Ahhh … wouldn’t we all like to know.
This book is a smart, thoughtful, funny, engaging exploration of how exactly that complicated process works. There’s a ton of useful how-to information as well as nice little “oh my gosh” moments that come from the way they regularly reframe old concepts in new ways.
Also, the Heath brothers can write, which doesn’t really happen all that often in business-ey books either. And I especially enjoyed their emphasis on making this information accessible and usable, without you ever getting the feeling that they’ve dumbed it the heck down.
It almost never happens (has it ever happened?) that I can read an entire book without having to mentally argue certain points with the authors — but in this case I either agreed with them completely or was wowed by them on every point.

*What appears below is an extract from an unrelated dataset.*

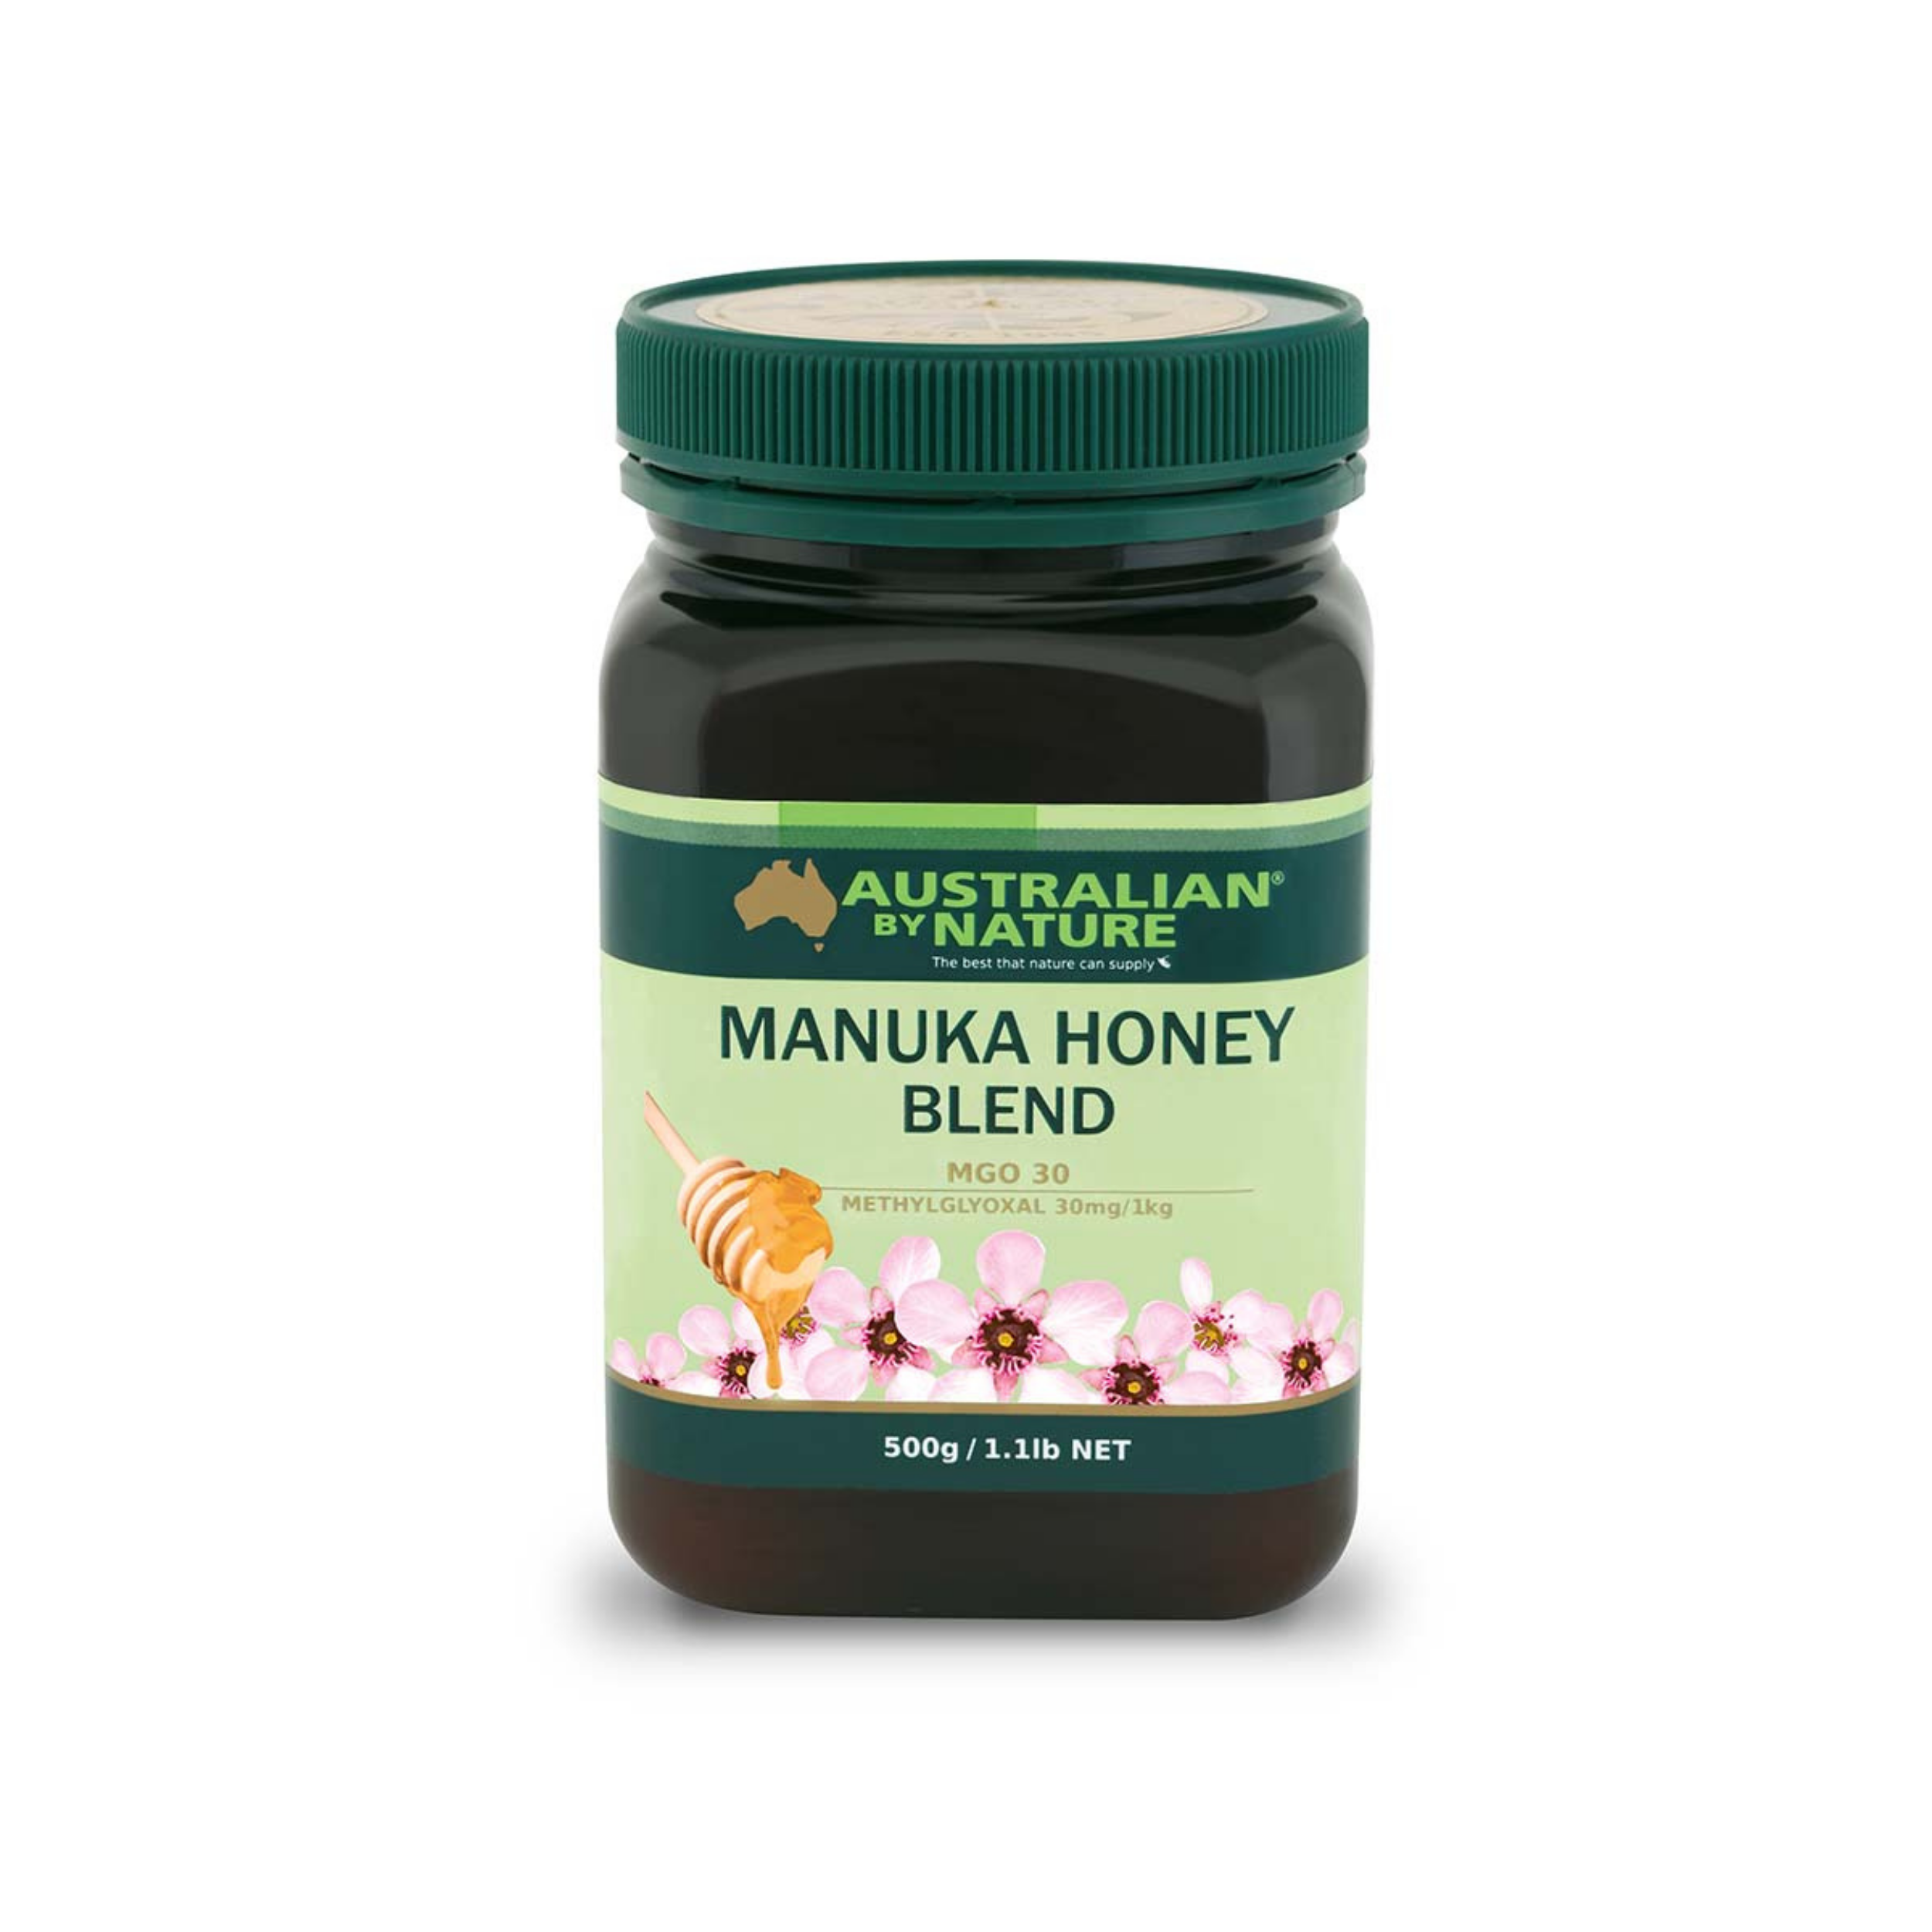 Australian By Nature Manuka Honey Blend MGO 30 500g

But the best thing about Made to Stick is probably the way it gets the wheels in your head whirring as you get fired up with thinking about how you’re going to apply this stuff. To everything.
Be like gum, my friend.
All the information you interact with on a regular basis? These concepts give you a different way to relate to the stuff you’re probably thinking about anyway.
Then at some point you start filtering everything through the stickiness filter … and boy is it ever interesting.
Anyway, obviously if you have a business or a project or a venture you can take this stuff and apply it to pretty much every part of what you do … from crafting your message to finally rewriting your web copy to helping your clients/fans/whatever really get who you are and what you do.
And if you aren’t in the process of biggifying yourself, you can still make use of these concepts to better understand how to effectively frame information that you want people to remember. Plus you’ll get better at noticing when and how people/media/writing might be pulling your strings.
As the boys point out on their blog, it’s not really about making things sticky to work the system or even necessarily about business concepts — it’s about understanding how and why stuff works. Which is interesting. And useful.
Good stuff all around. And yes, it should probably go without saying, but I’ll say it anyway: totally worth owning and rereading.
Straight to the super-genius-books reference shelf!